Task statement> Exactly the lines from the one containing "In Pictures: The" through the one containing "Above: Red Cards’" in the listing below are to be copied, with the pictures left out.

Data shown>
□ □ □ □
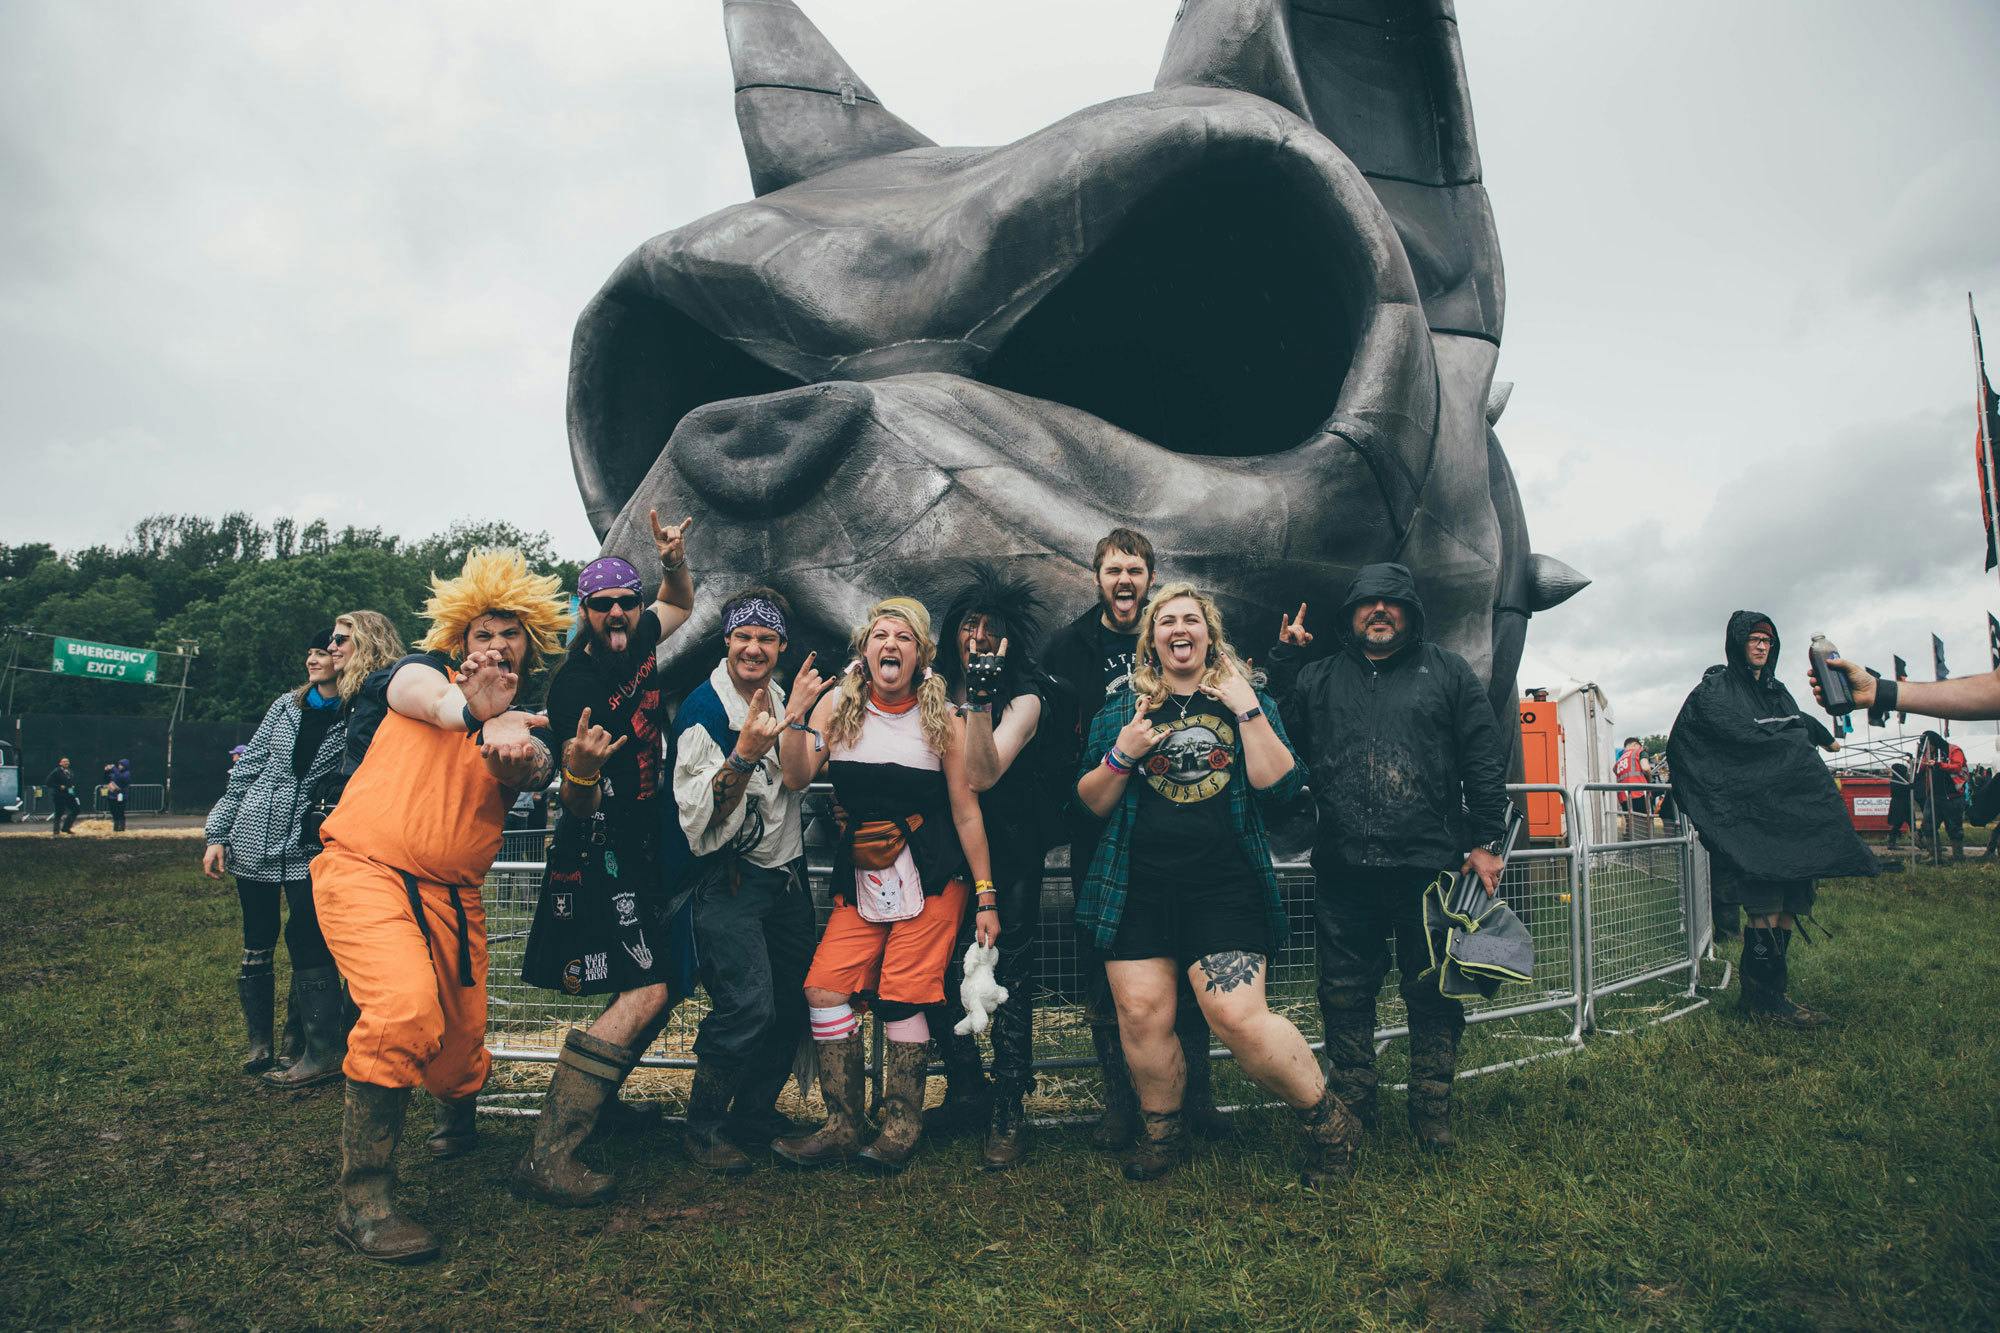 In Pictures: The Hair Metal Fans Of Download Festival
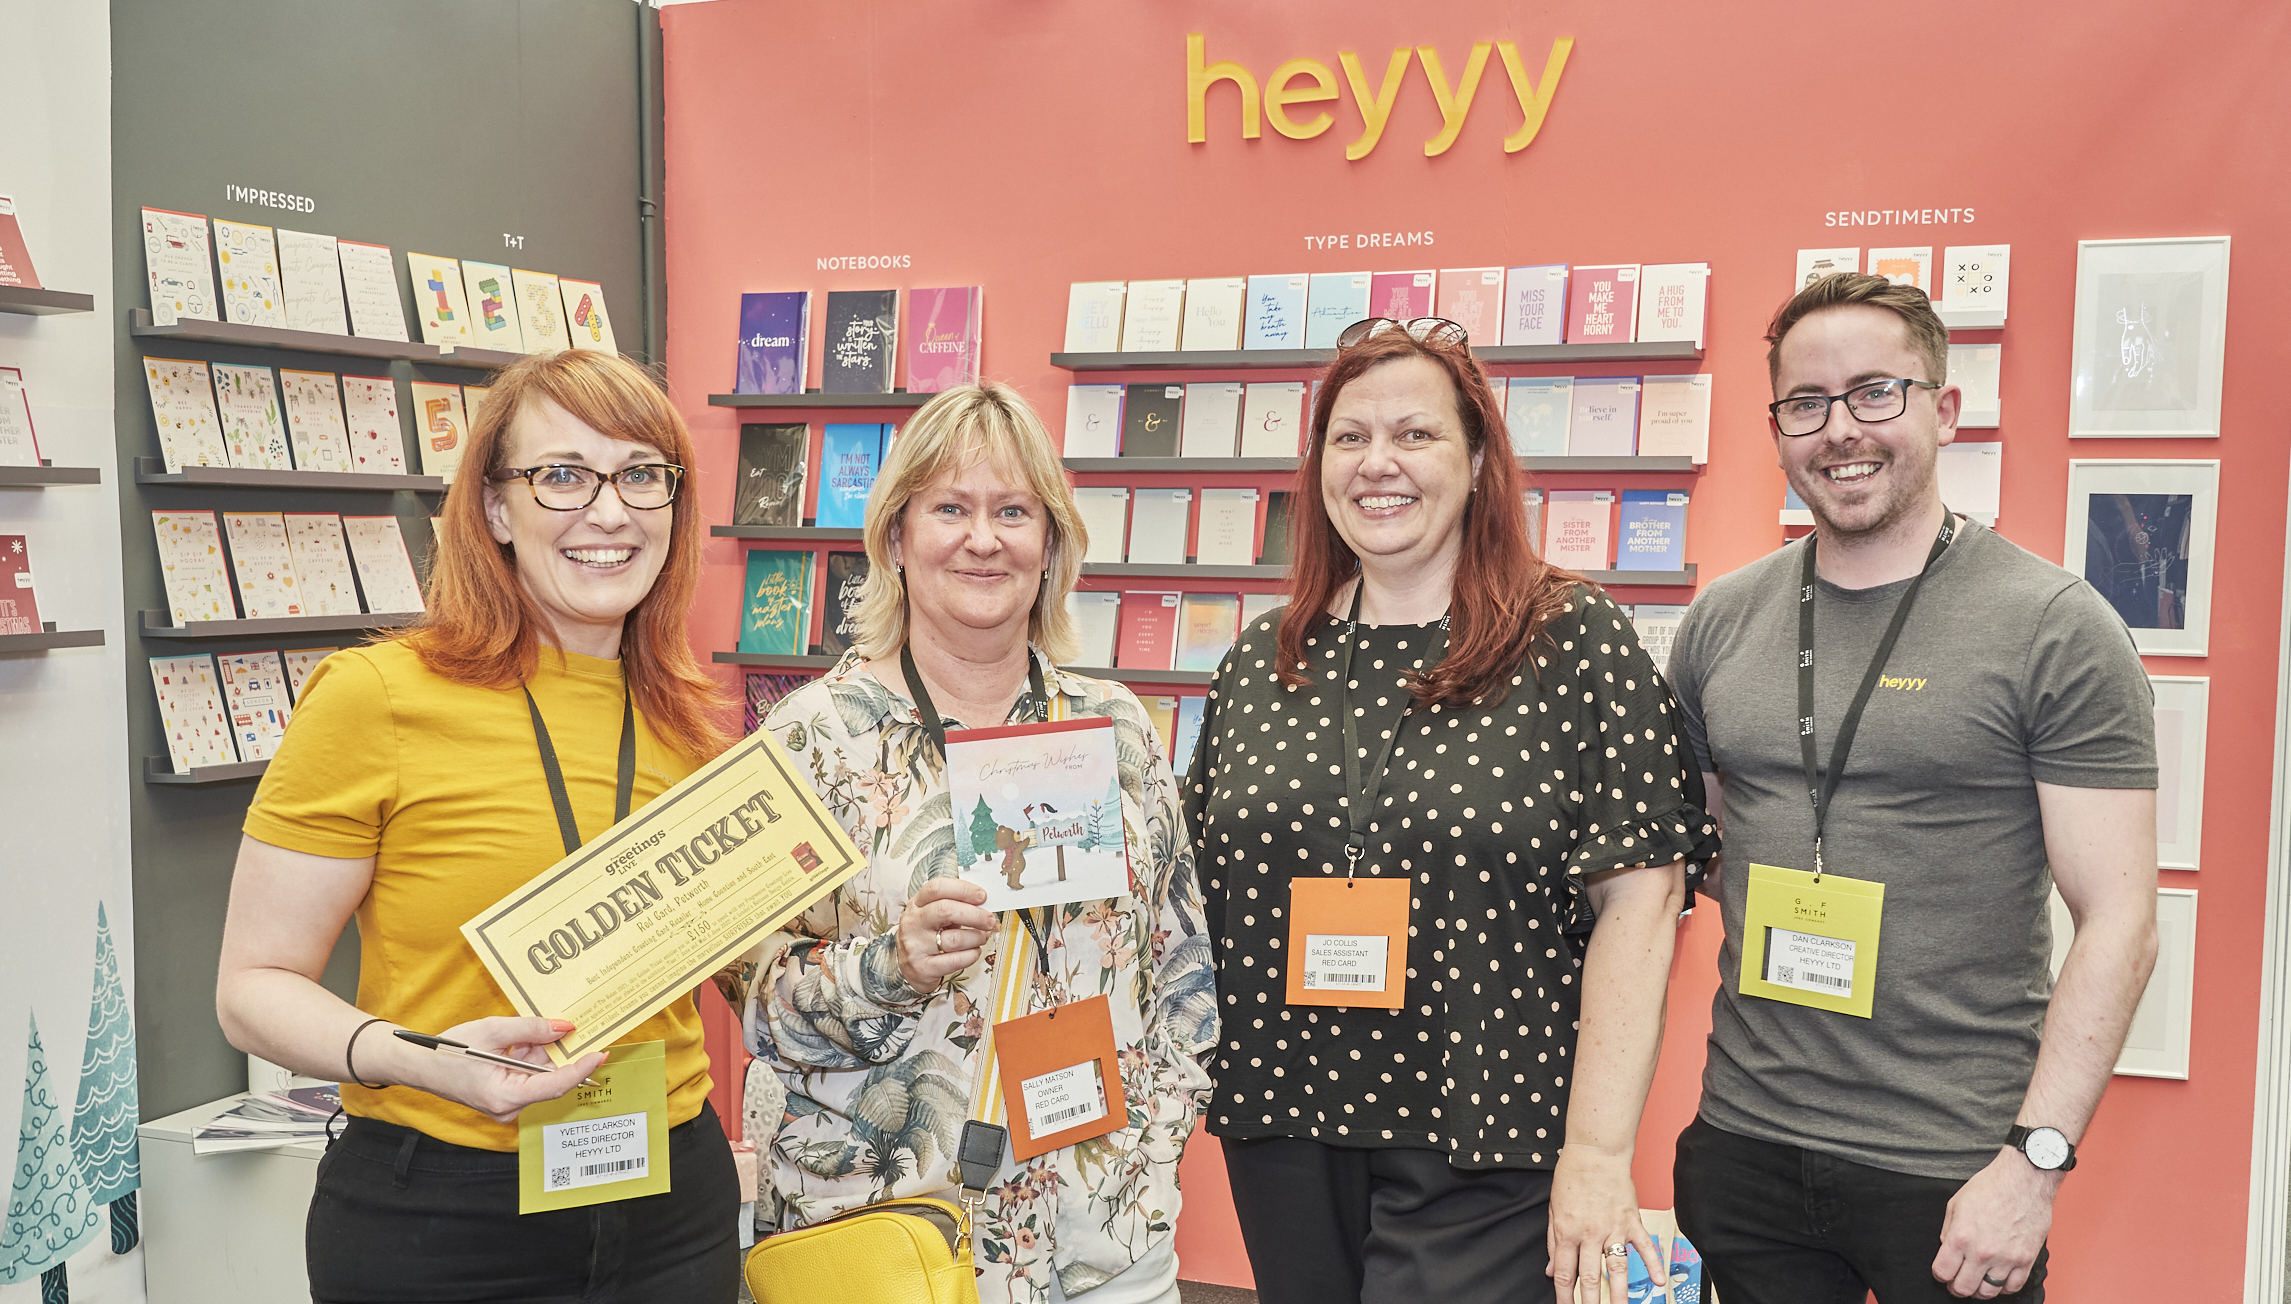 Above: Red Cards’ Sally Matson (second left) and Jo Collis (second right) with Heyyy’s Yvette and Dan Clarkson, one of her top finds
□ □ □ □
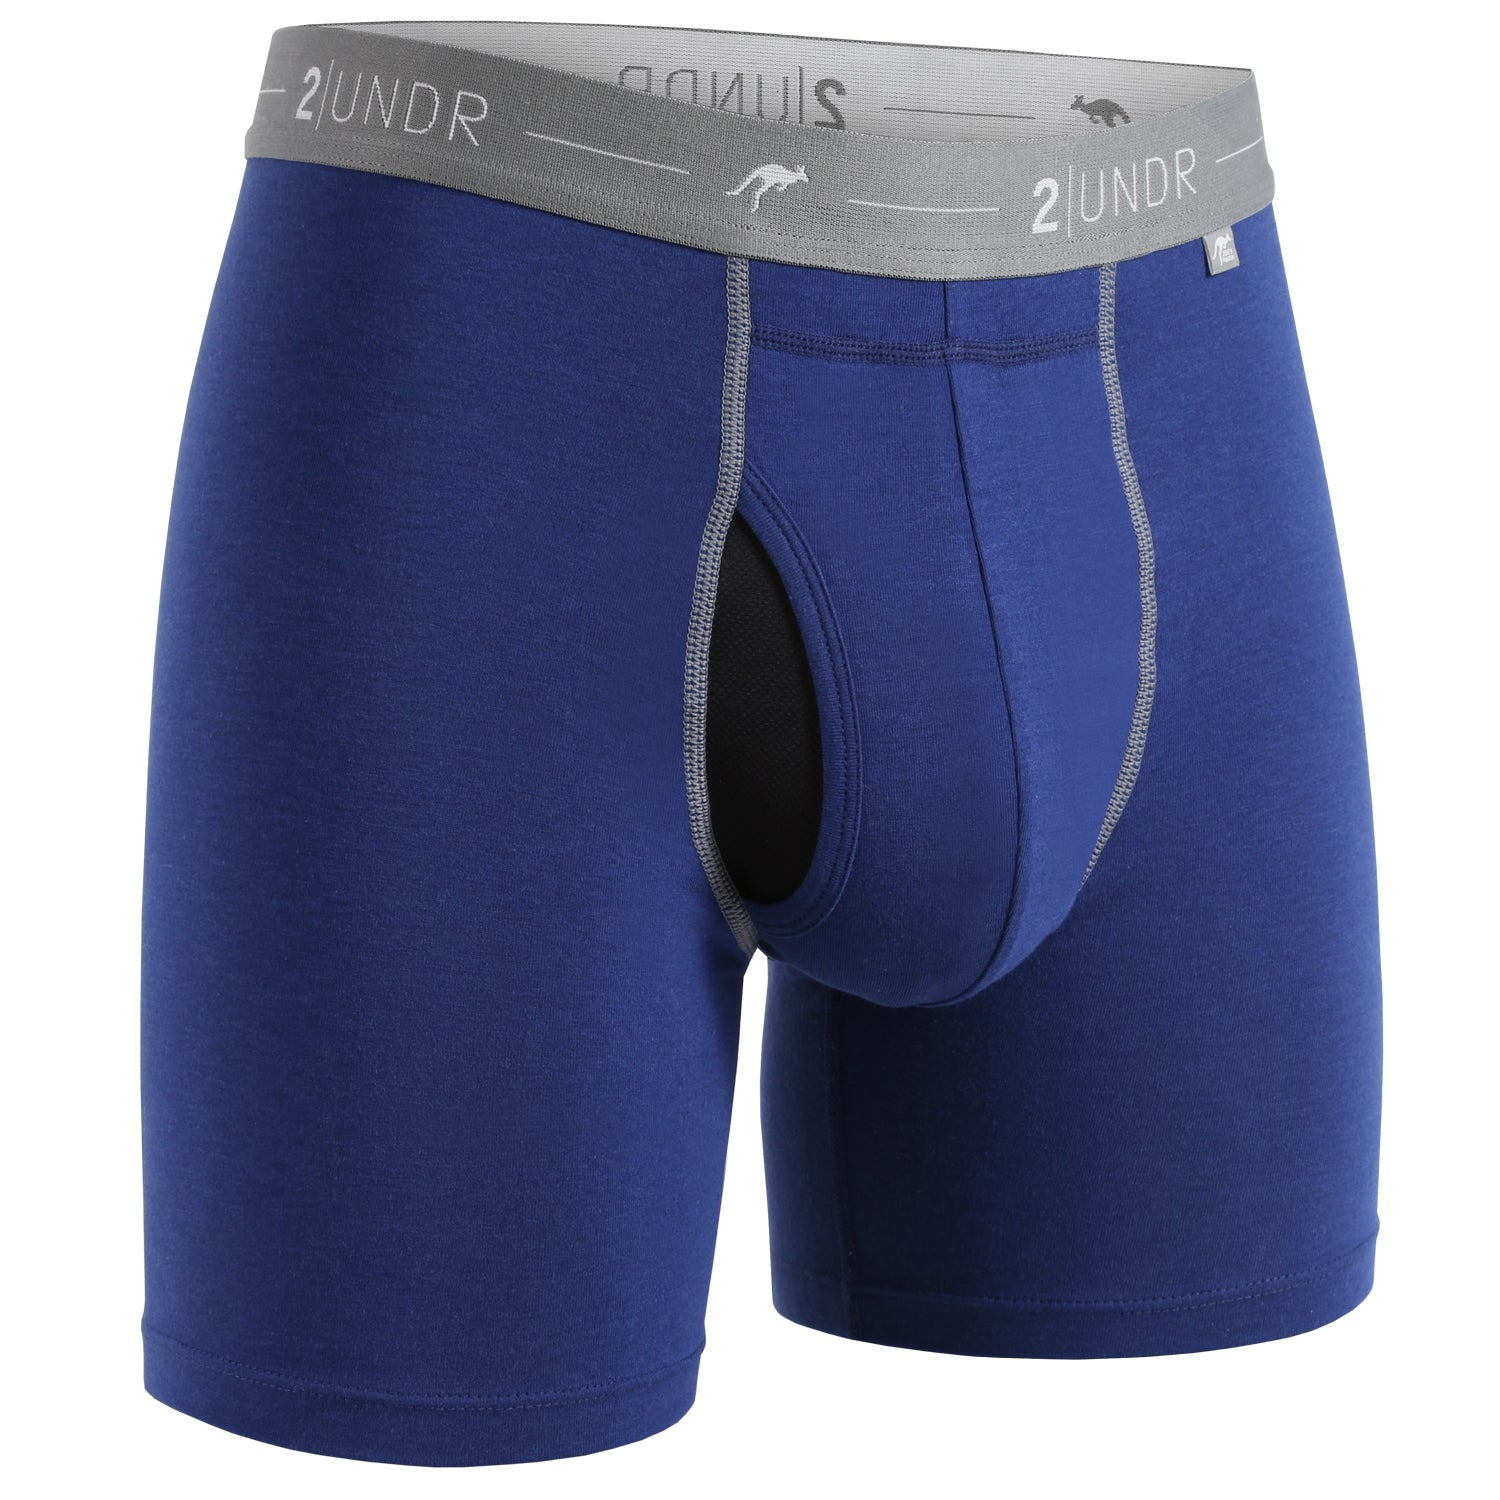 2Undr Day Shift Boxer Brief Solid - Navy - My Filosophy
□ □ □ □
Exercise response>
 In Pictures: The Hair Metal Fans Of Download Festival
 Above: Red Cards’ Sally Matson (second left) and Jo Collis (second right) with Heyyy’s Yvette and Dan Clarkson, one of her top finds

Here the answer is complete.